R glmnet as.сообщение об ошибке matrix()
Я пытаюсь использовать glmnet
пакета в наборе данных. Я использую cv.glmnet()
чтобы получить значение лямбда для glmnet()
. Я исключаю столбцы 1,2,7,12, как они есть: столбец id, столбец ответа, содержат NA и содержат NA.
вот набор данных и сообщение об ошибке:
> head(t2)
X1 X2 X3 X4 X5 X6 X7 X8 X9 X10 X11 X12
1 1 1 0.7661266 45 2 0.80298213 9120 13 0 6 0 2
2 2 0 0.9571510 40 0 0.12187620 2600 4 0 0 0 1
3 3 0 0.6581801 38 1 0.08511338 3042 2 1 0 0 0
4 4 0 0.2338098 30 0 0.03604968 3300 5 0 0 0 0
5 5 0 0.9072394 49 1 0.02492570 63588 7 0 1 0 0
6 6 0 0.2131787 74 0 0.37560697 3500 3 0 1 0 1
> str(t2)
'data.frame': 150000 obs. of 12 variables:
$ X1 : int 1 2 3 4 5 6 7 8 9 10 ...
$ X2 : int 1 0 0 0 0 0 0 0 0 0 ...
$ X3 : num 0.766 0.957 0.658 0.234 0.907 ...
$ X4 : int 45 40 38 30 49 74 57 39 27 57 ...
$ X5 : int 2 0 1 0 1 0 0 0 0 0 ...
$ X6 : num 0.803 0.1219 0.0851 0.036 0.0249 ...
$ X7 : int 9120 2600 3042 3300 63588 3500 NA 3500 NA 23684 ...
$ X8 : int 13 4 2 5 7 3 8 8 2 9 ...
$ X9 : int 0 0 1 0 0 0 0 0 0 0 ...
$ X10: int 6 0 0 0 1 1 3 0 0 4 ...
$ X11: int 0 0 0 0 0 0 0 0 0 0 ...
$ X12: int 2 1 0 0 0 1 0 0 NA 2 ...
> cv1 <- cv.glmnet(as.matrix(t2[,-c(1,2,7,12)]), t2[,2], family="binomial")
Error in as.matrix(cbind2(1, newx) %*% nbeta) :
error in evaluating the argument 'x' in selecting a method for function 'as.matrix': Error in t(.Call(Csparse_dense_crossprod, y, t(x))) :
error in evaluating the argument 'x' in selecting a method for function 't': Error: invalid class 'NA' to dup_mMatrix_as_dgeMatrix
> cv1 <- cv.glmnet(as.matrix(t2[,-c(1,2,7,12)]), t2[,2], family="multinomial")
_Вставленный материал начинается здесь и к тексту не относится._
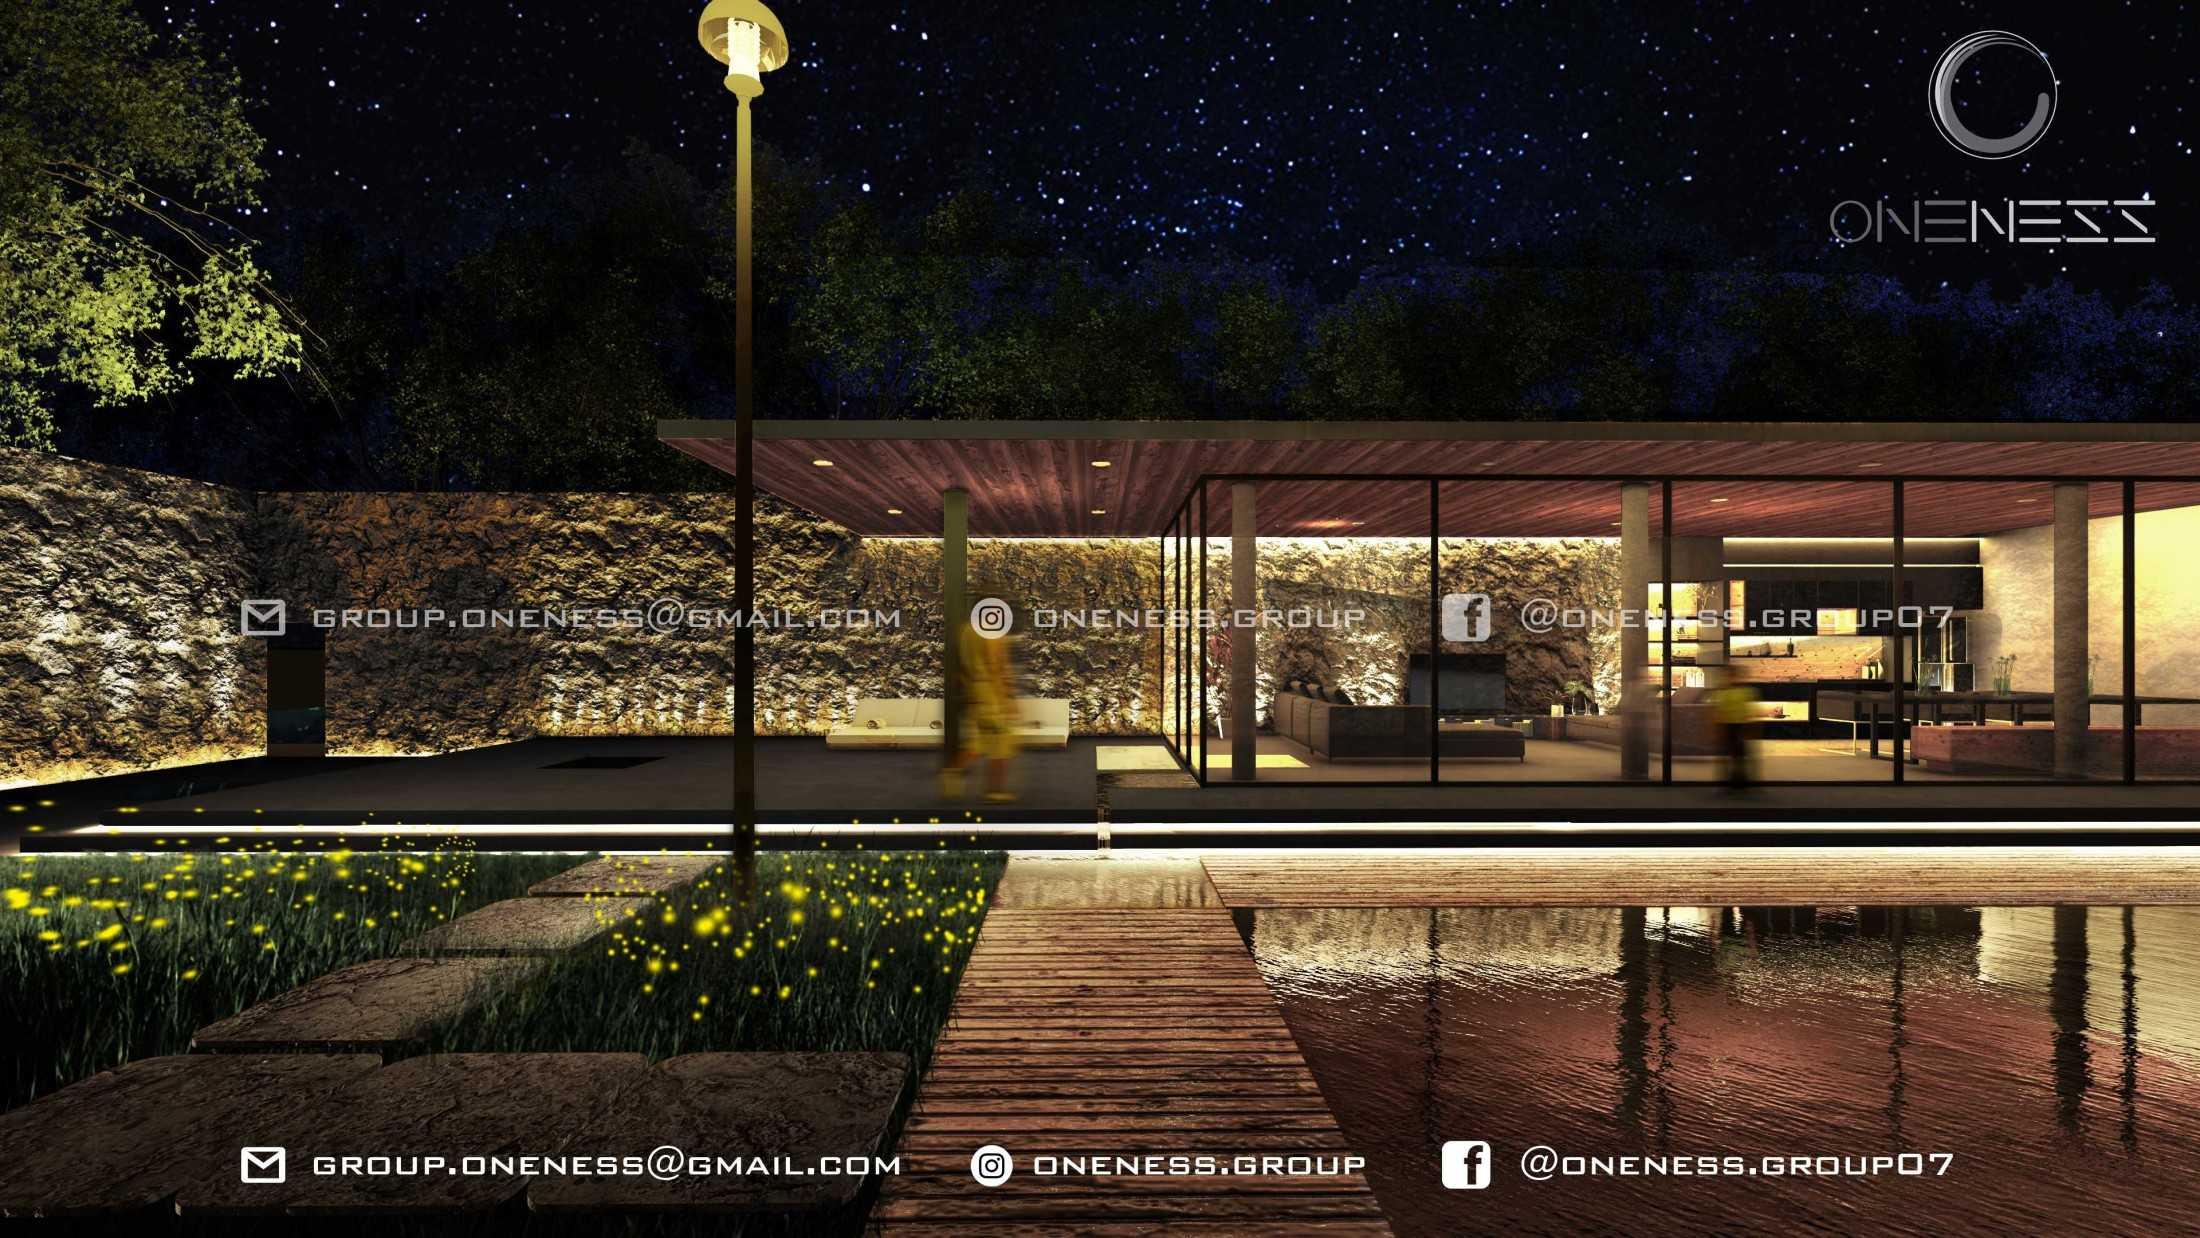 Oneness Group Villa Di Gunung Cirebon Cirebon, Kota Cirebon, Jawa Barat, Indonesia Cirebon, Kota Cirebon, Jawa Barat, Indonesia Eksterior Villa Di Gunung  98226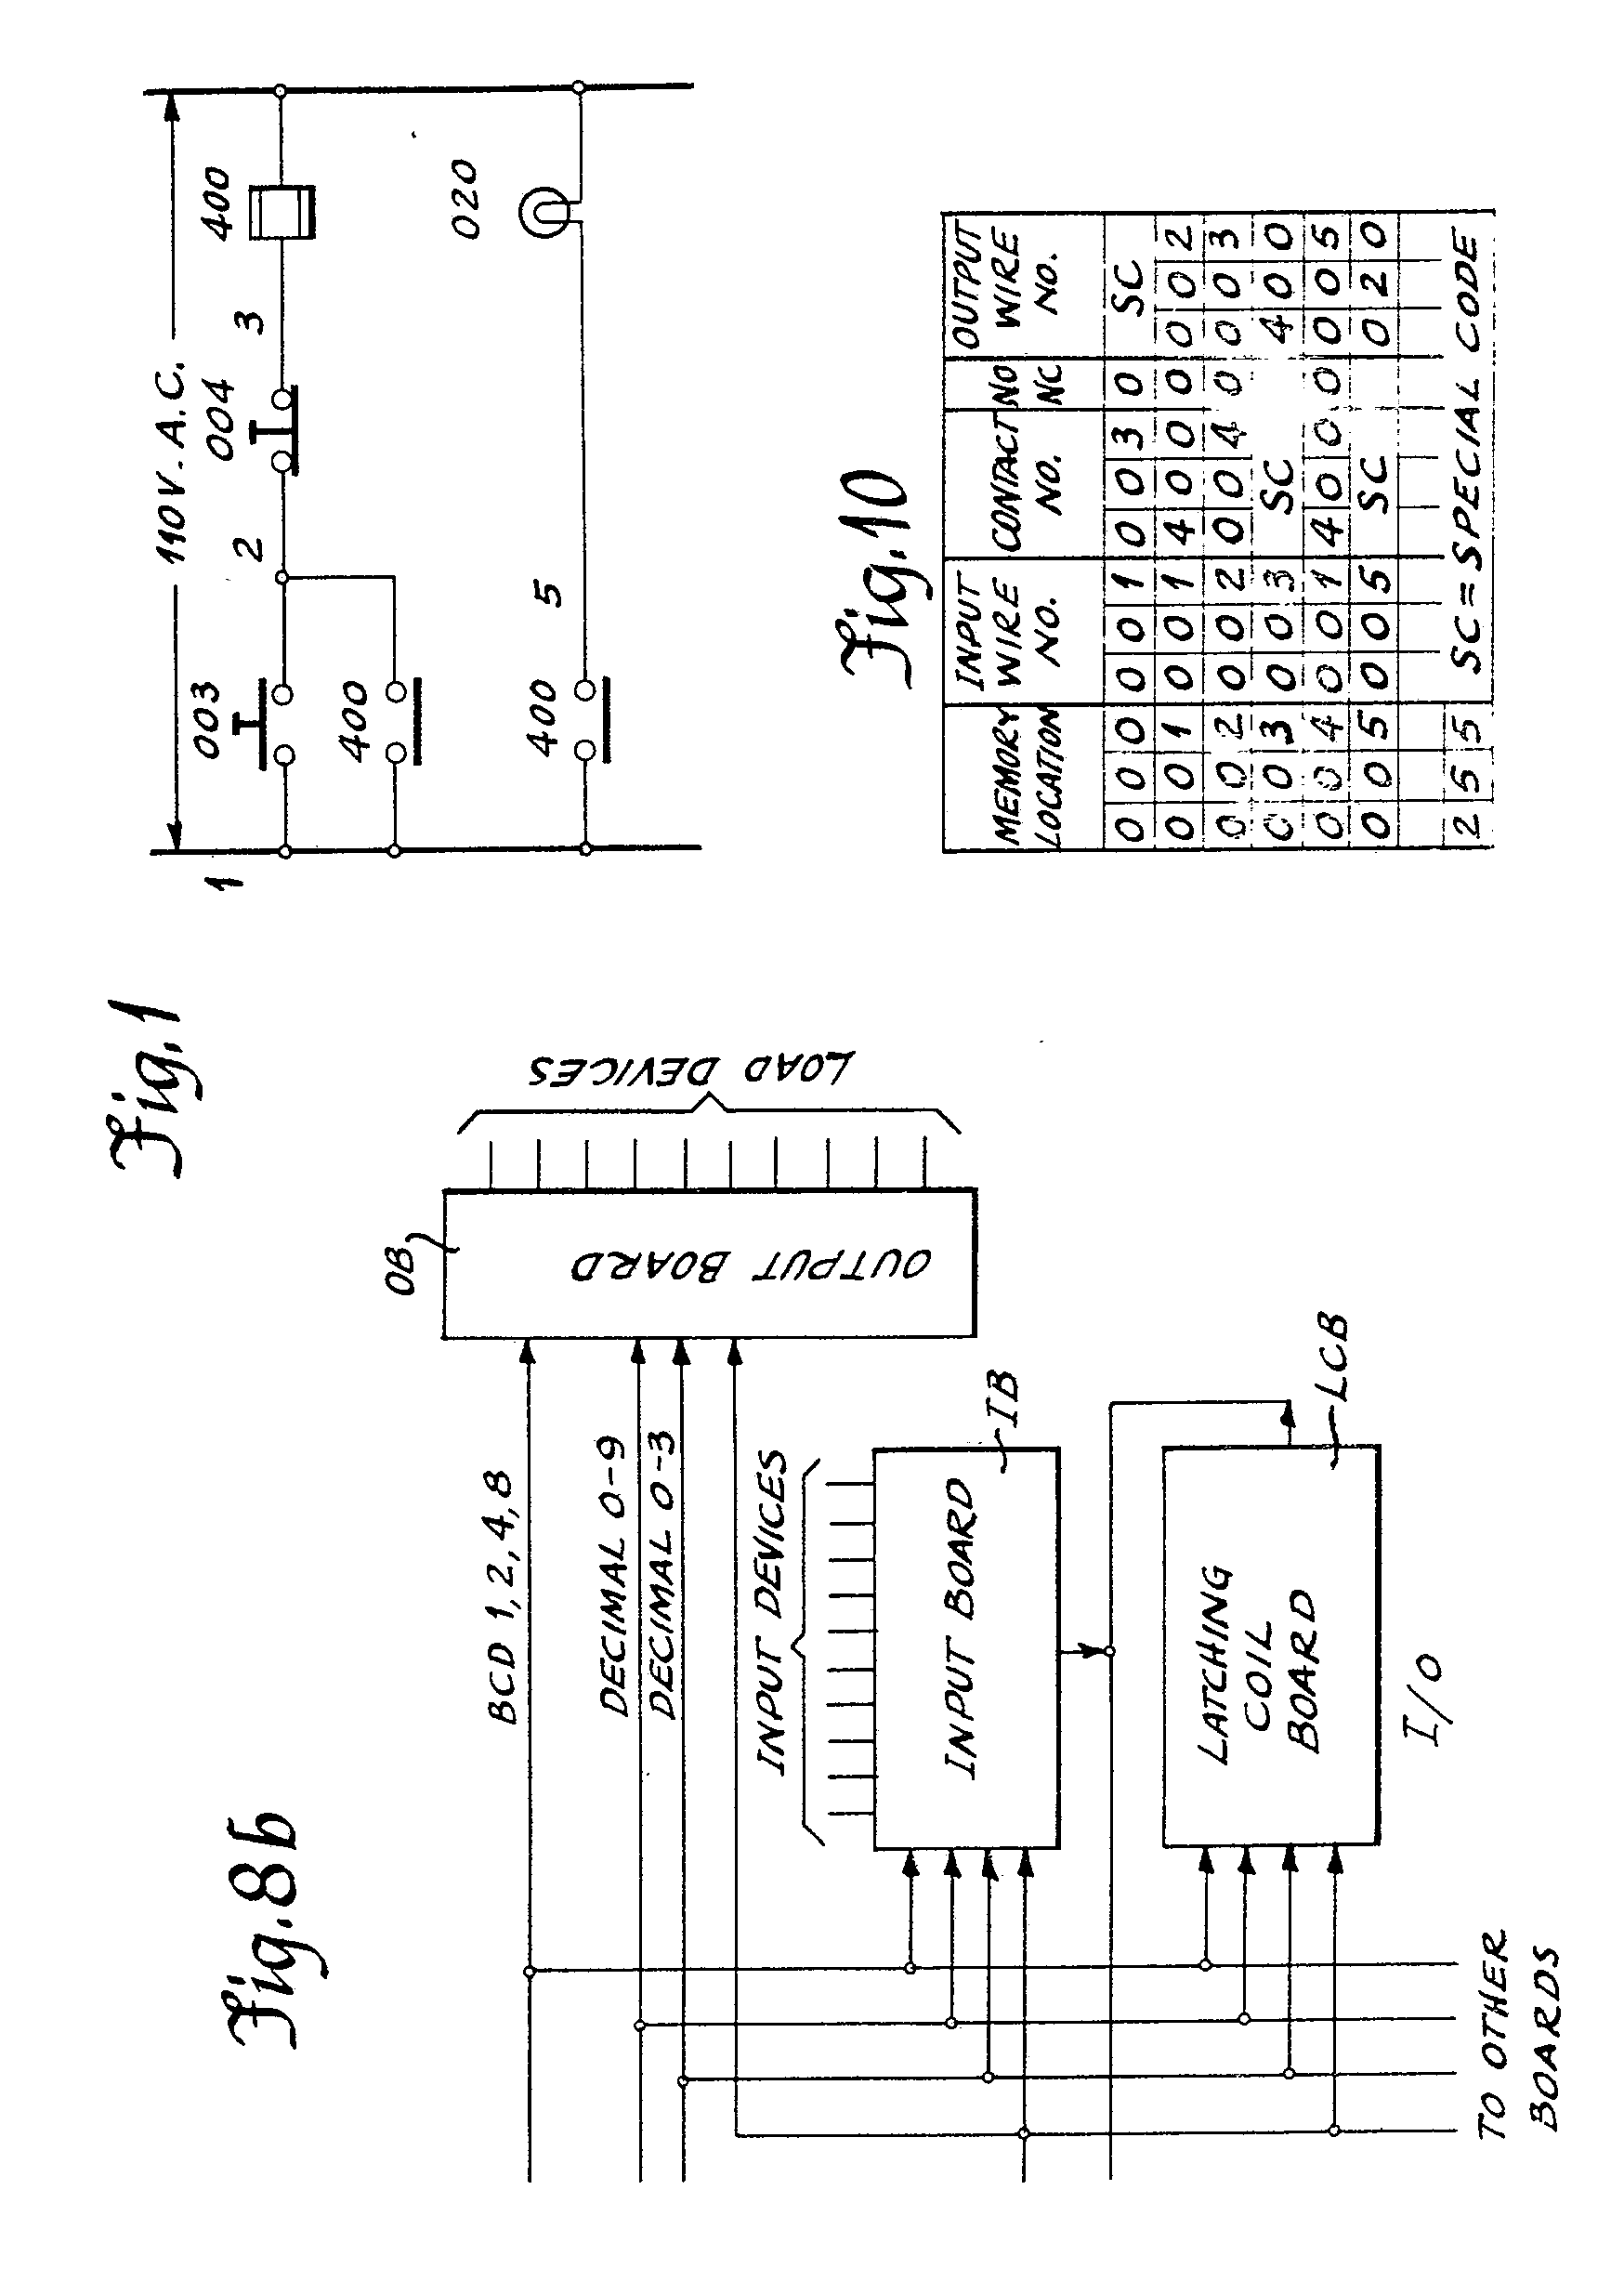 programmable logic control diagram

Error in t(.Call(Csparse_dense_crossprod, y, t(x))) :
error in evaluating the argument 'x' in selecting a method for function 't': Error: invalid class 'NA' to dup_mMatrix_as_dgeMatrix
какие предложения?
3 ответов
по какой-то причине glmnet предпочитает data.matrix()
to as.matrix()
cv1 <- cv.glmnet(data.matrix(t2[,-c(1,2,7,12)]), t2[,2], family="multinomial")
должен выполнить работу.
Я получил ту же ошибку Msg. и, к сожалению, это было не так просто, как использовать данные.матрица() для меня.
ошибка возникает в перекрестном произведении входной матрицы и коэффициентов модели.
в предсказать.glmnet:
nfit = as.матрица (cbind2 (1, newx) %*% nbeta)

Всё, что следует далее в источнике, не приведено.